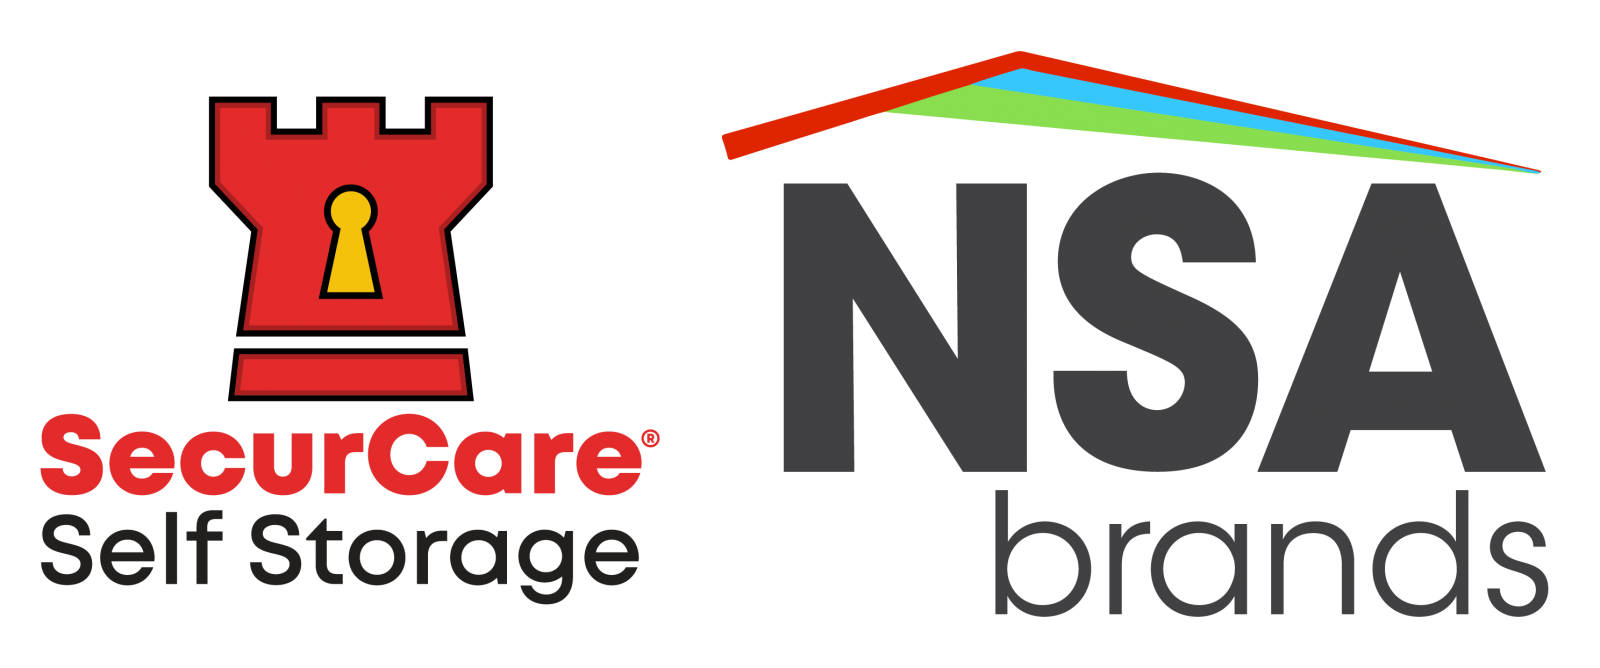 SecurCare is proud to be part of the NSA Brands family. Explore careers today!
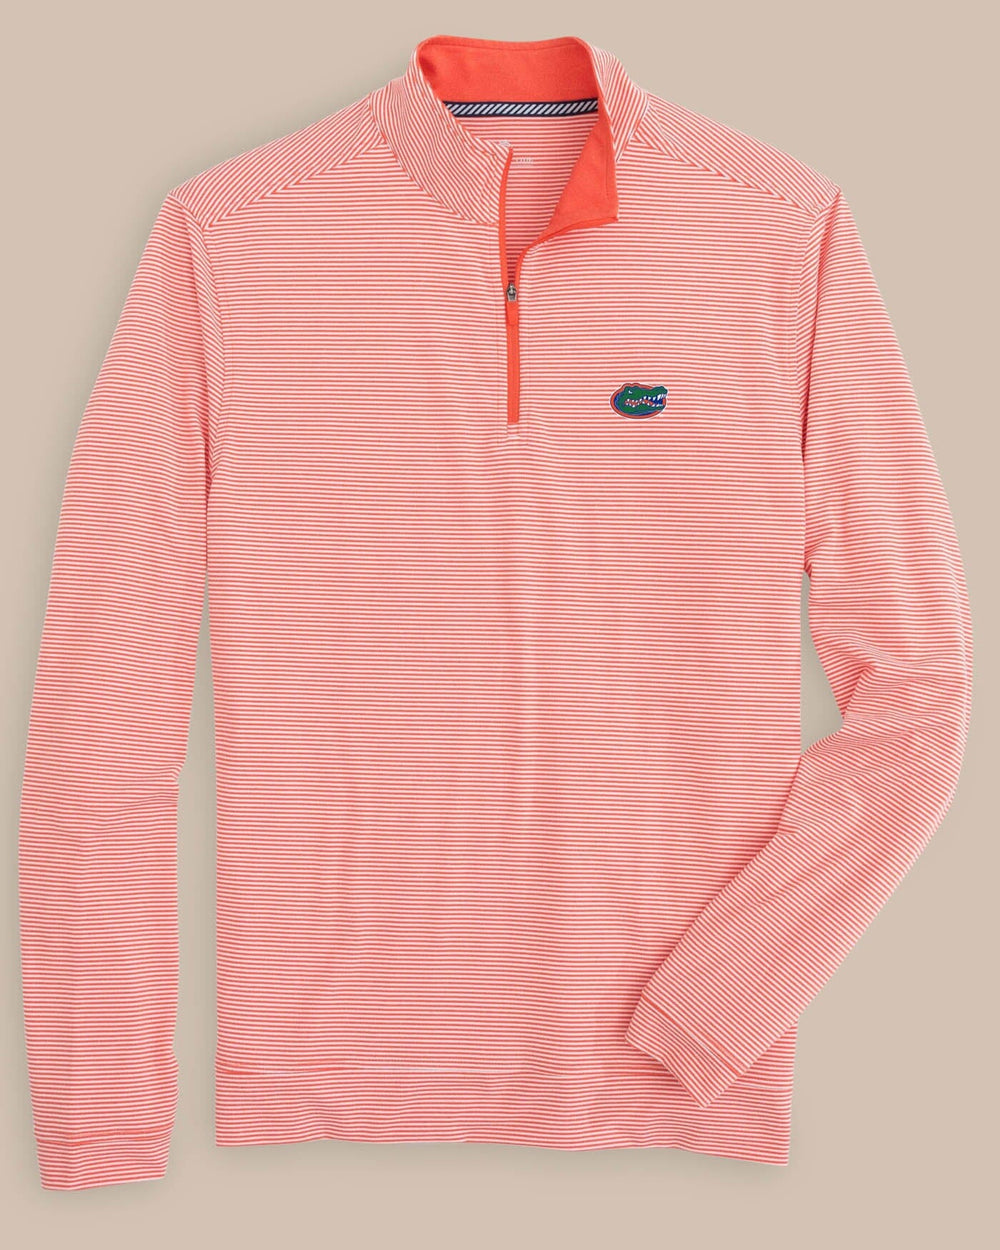 The front view of the Florida Gators Cruiser Micro-Stripe Heather Quarter Zip by Southern Tide - Heather Endzone Orange
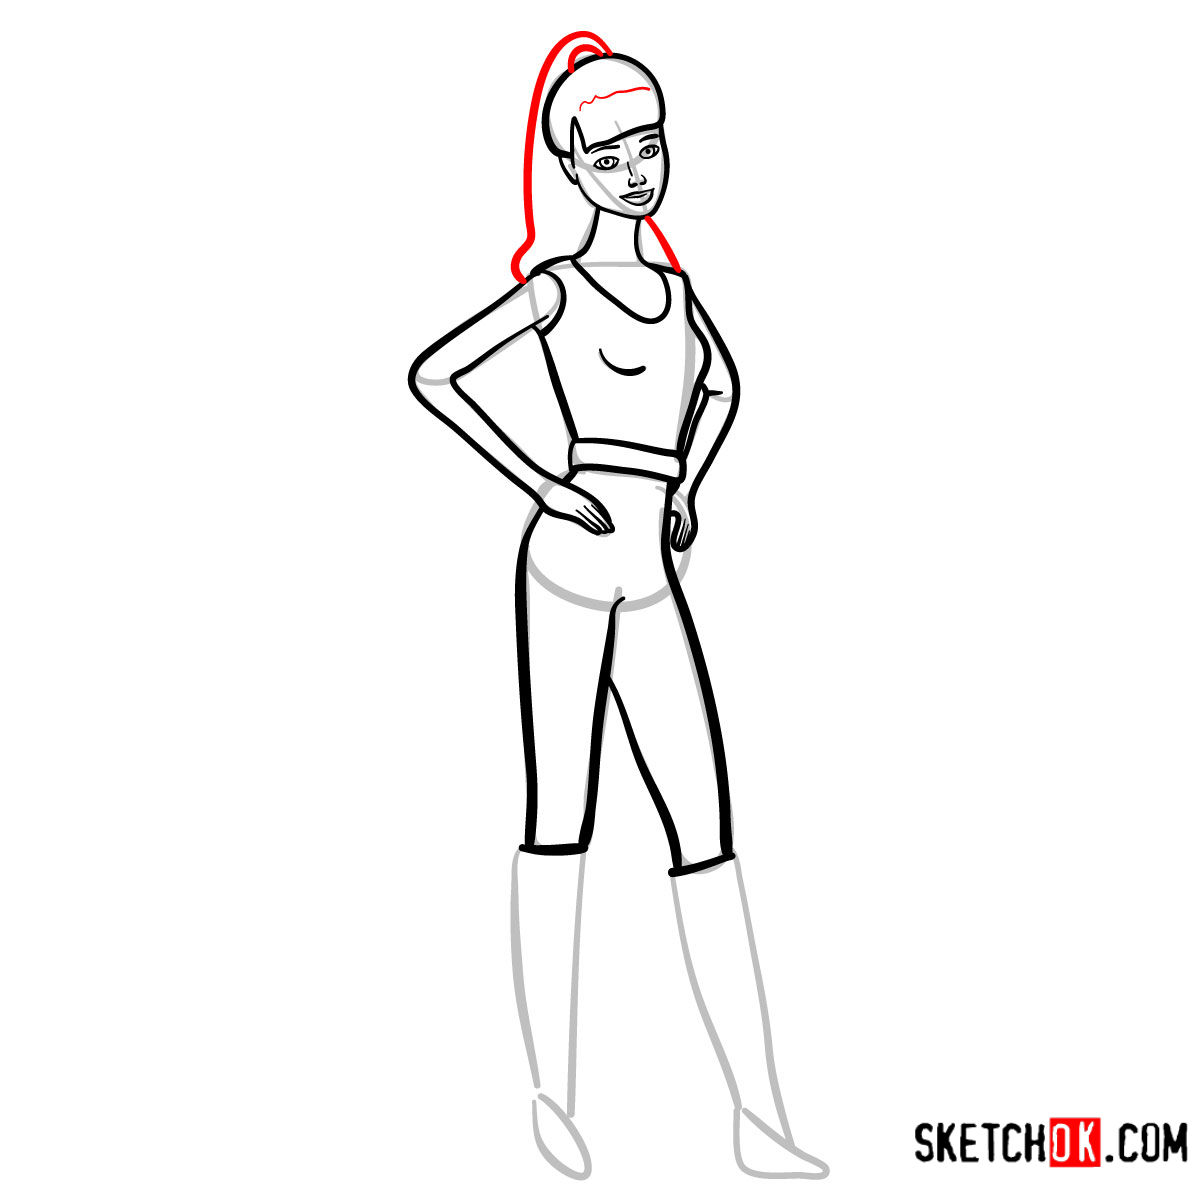 How to draw Barbie from Toy Story - step 10

— GOAL OF THE EXERCISE —
When you reach the line that contains "The front view", start copying the listing word for word and stop only after its last line, without any pictures.

— RESULT OF THIS TASK —
 The front view of the Florida Gators Cruiser Micro-Stripe Heather Quarter Zip by Southern Tide - Heather Endzone Orange
 How to draw Barbie from Toy Story - step 10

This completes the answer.